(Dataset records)
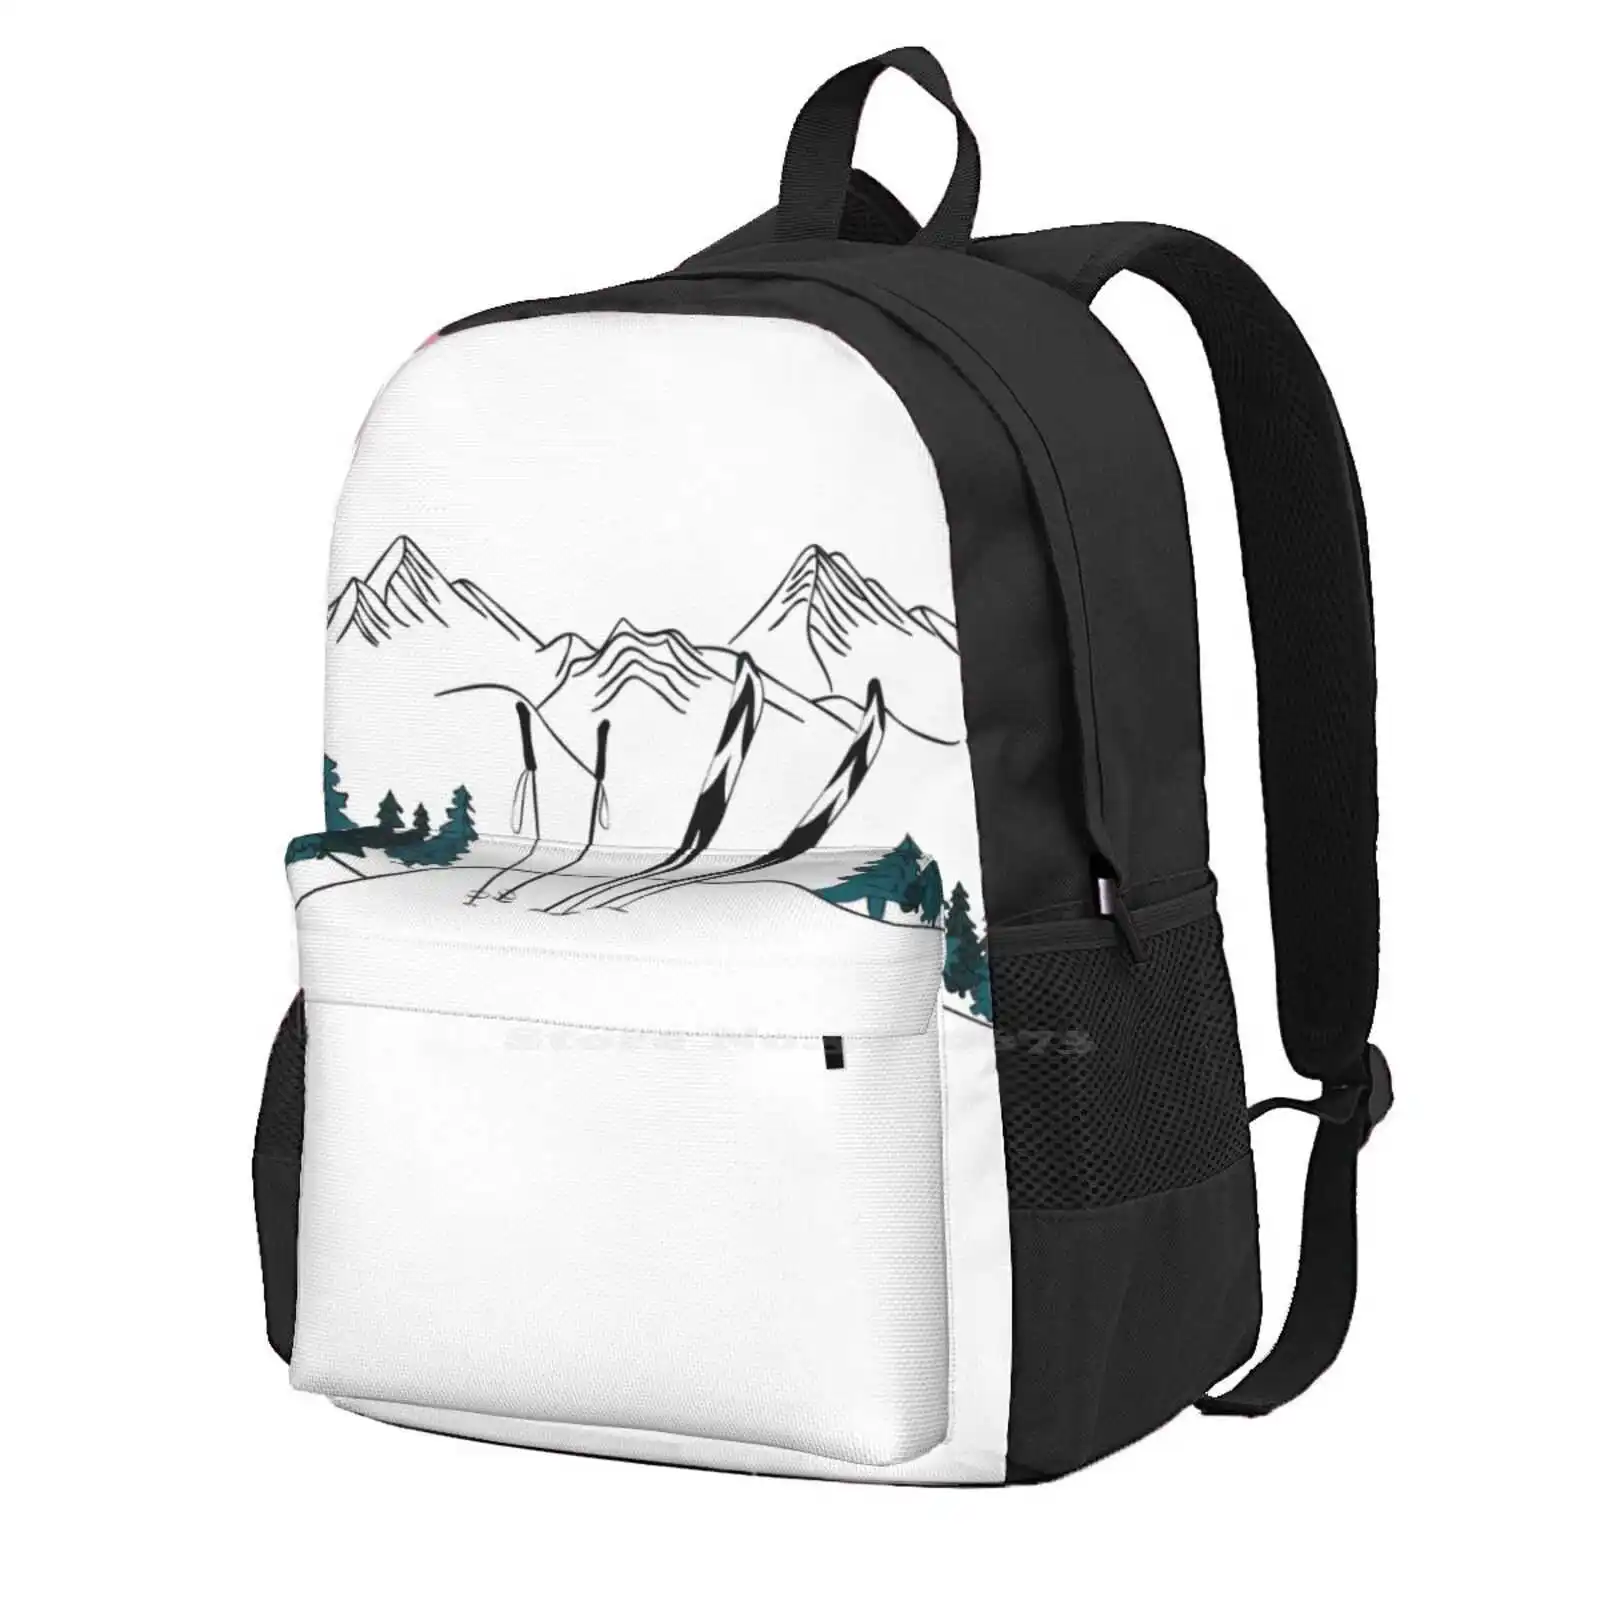 

Ski You Later Winter Sports Scene Backpack For Student School Laptop Travel Bag Born To Ski Ski You Later Skis Skier Skiing
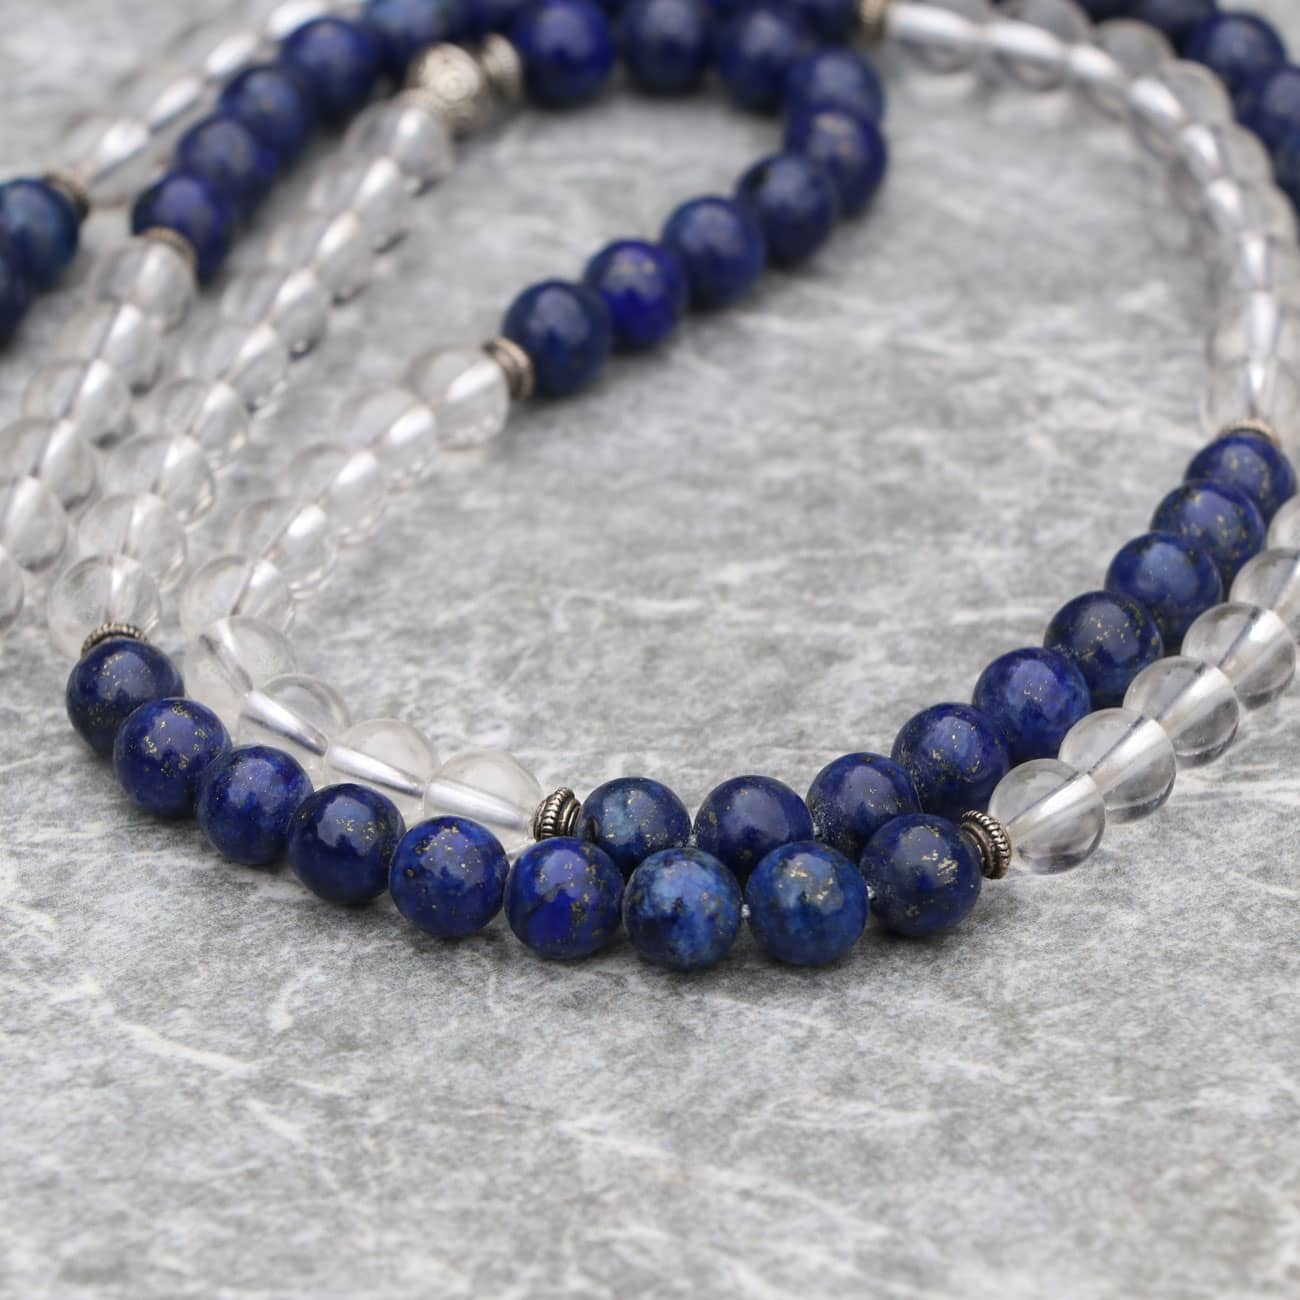 Buy the best Lapis Lazuli & Crystal Stone Japa Mala
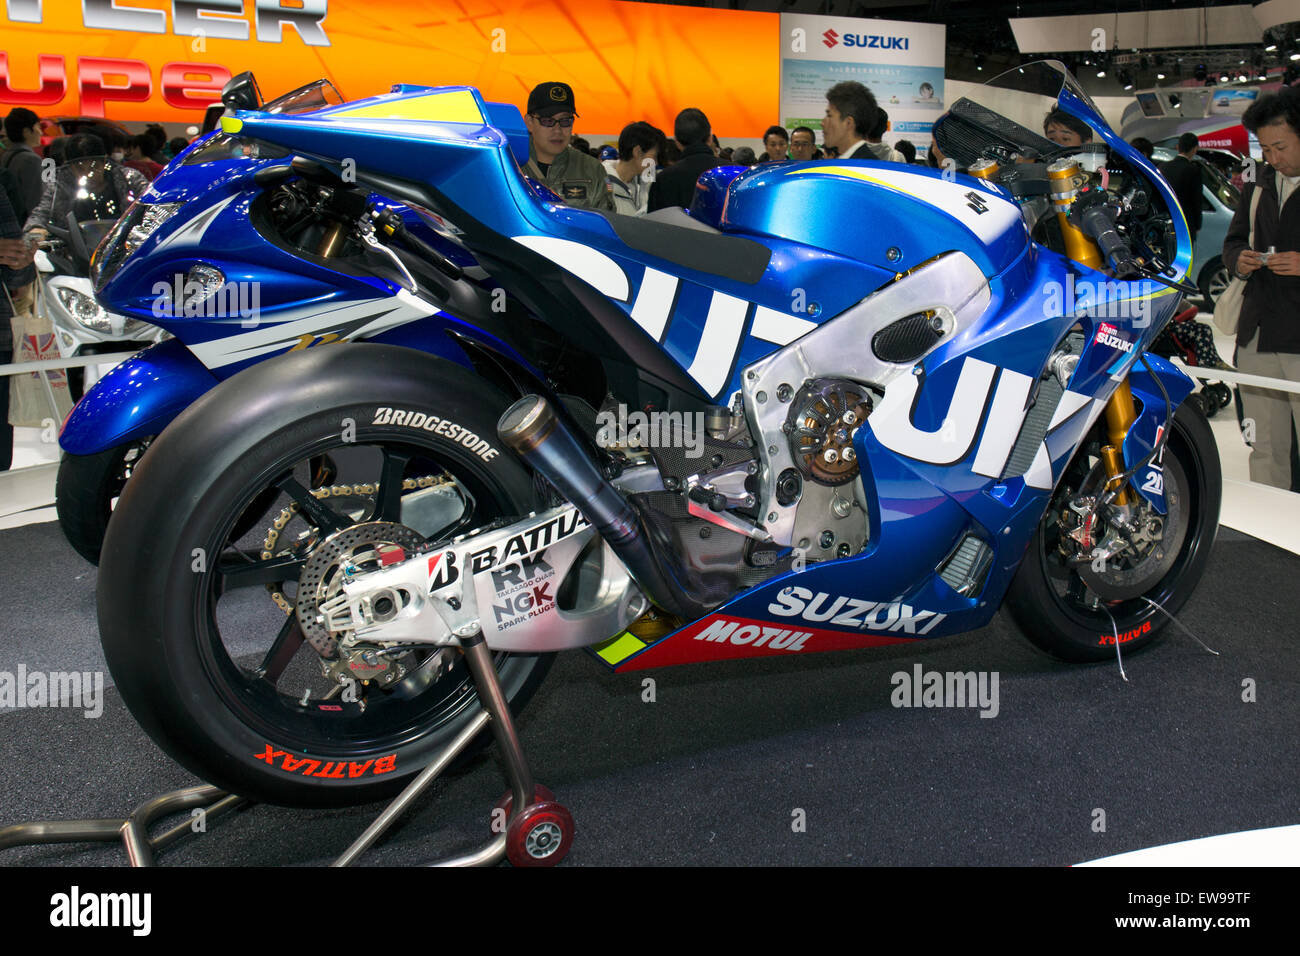 Suzuki motogp hi-res stock photography and images - Alamy
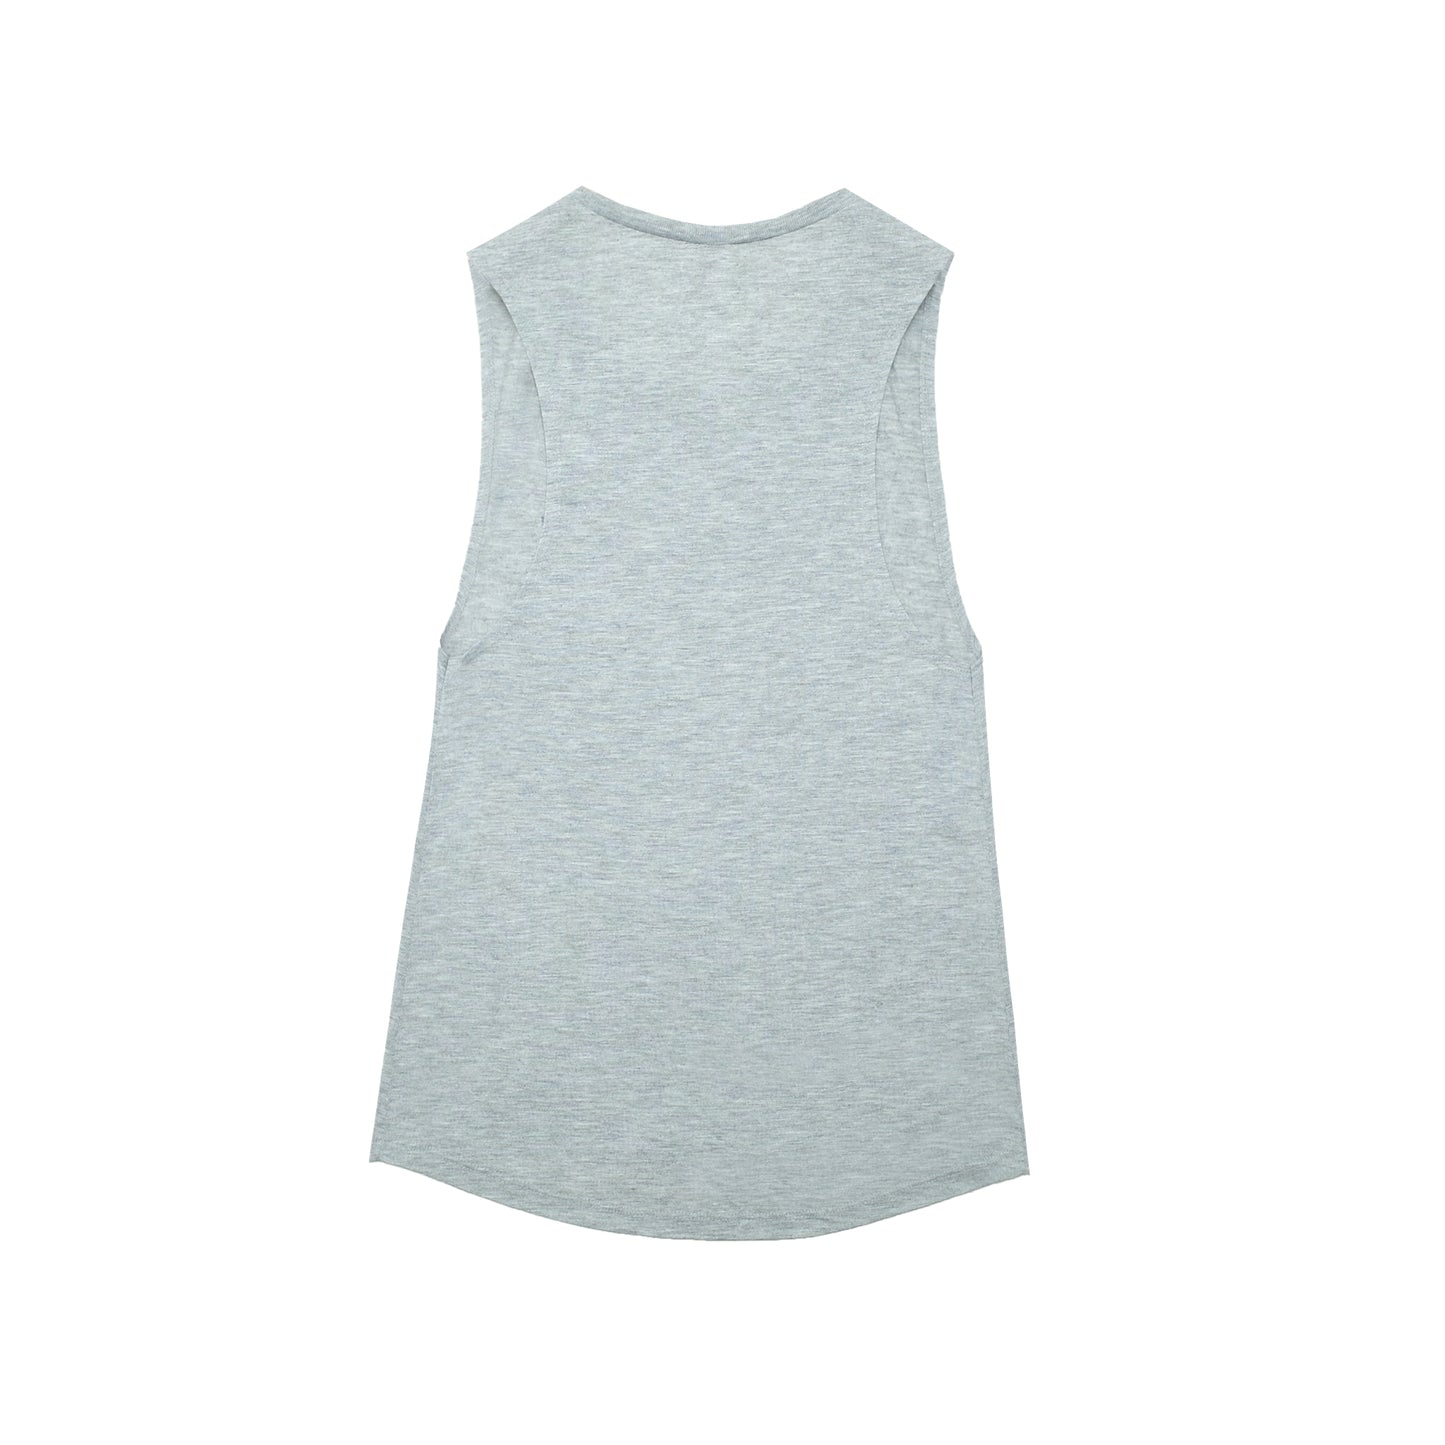 TDE New Classic Woman's Sleeveless T-Shirt
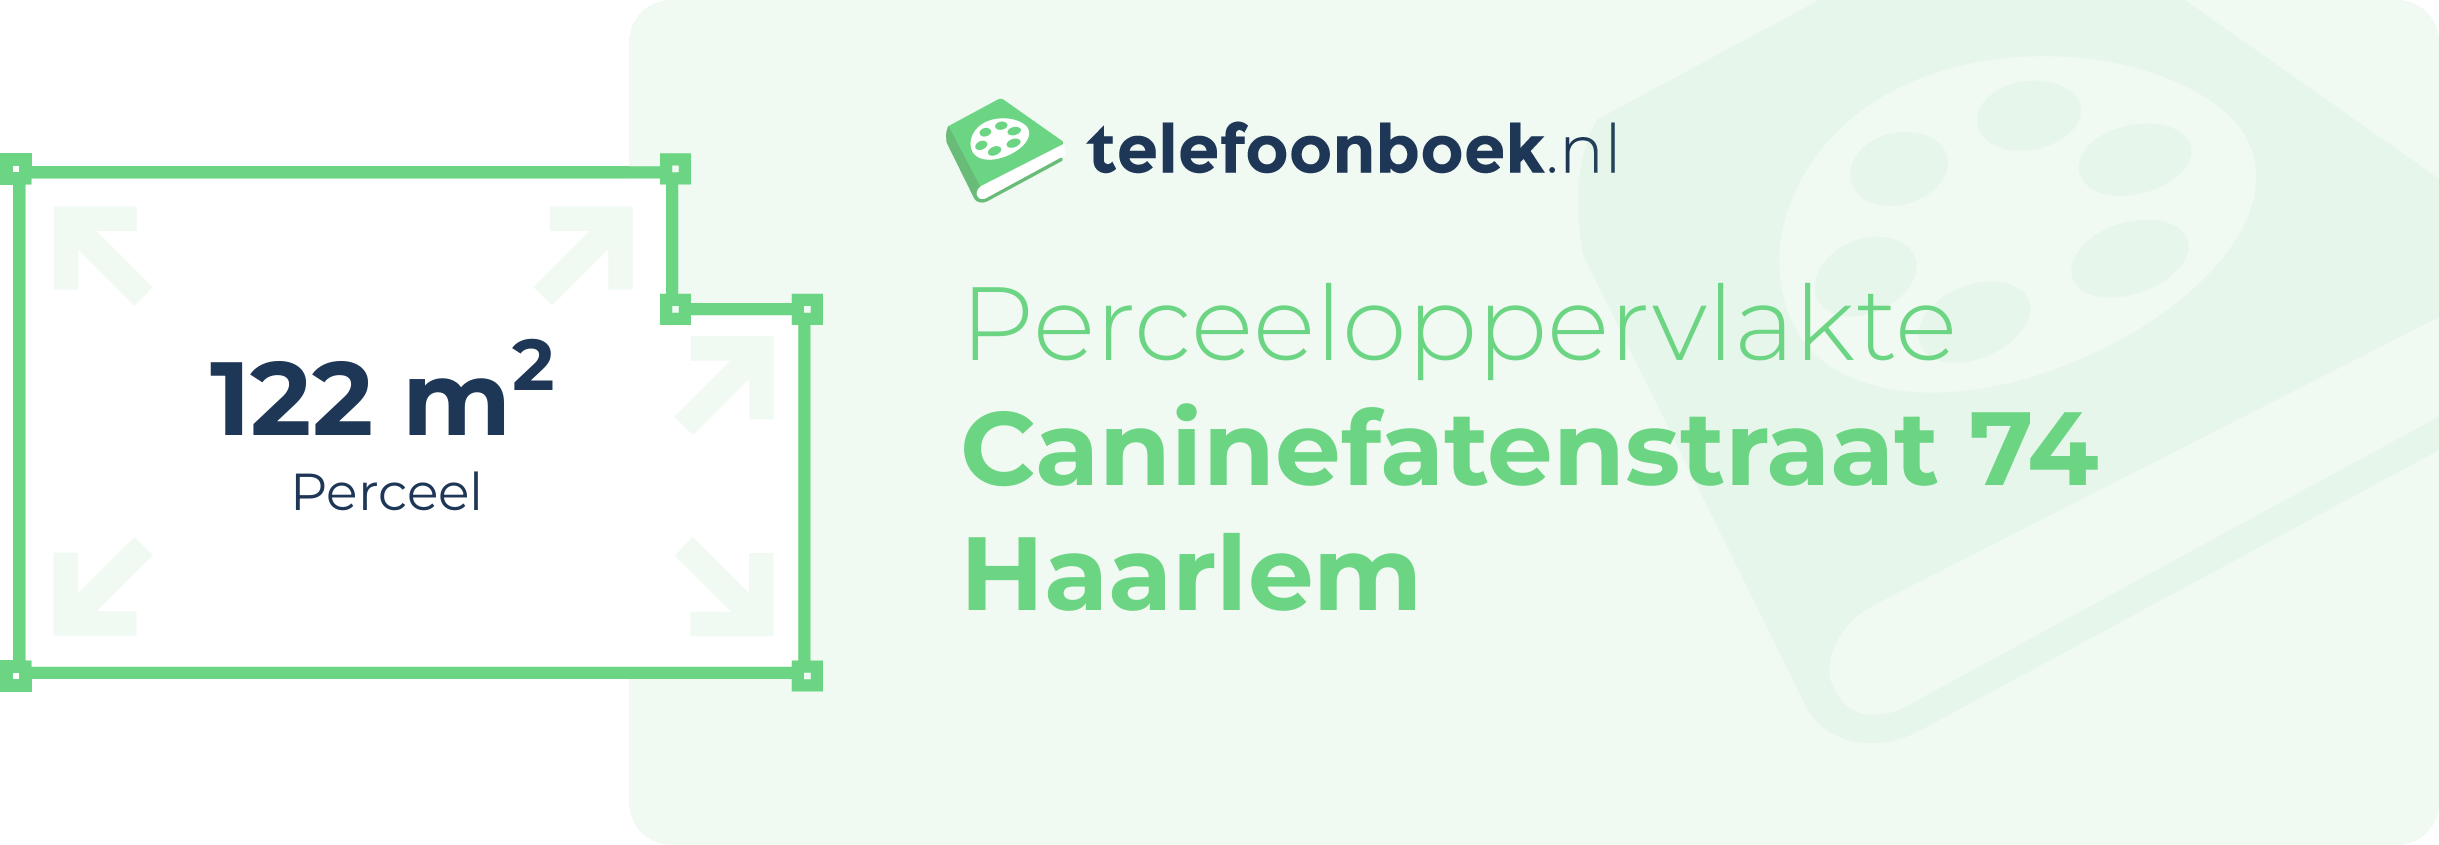 Perceeloppervlakte Caninefatenstraat 74 Haarlem

**YOUR OBJECTIVE:** Output only the lines running from the line with "Suzuki motogp hi-res" through the last line of the entries above, inclusive, with pictures excluded.

**SOLVED EXERCISE:**
 Suzuki motogp hi-res stock photography and images - Alamy
 TDE New Classic Woman's Sleeveless T-Shirt
 Perceeloppervlakte Caninefatenstraat 74 Haarlem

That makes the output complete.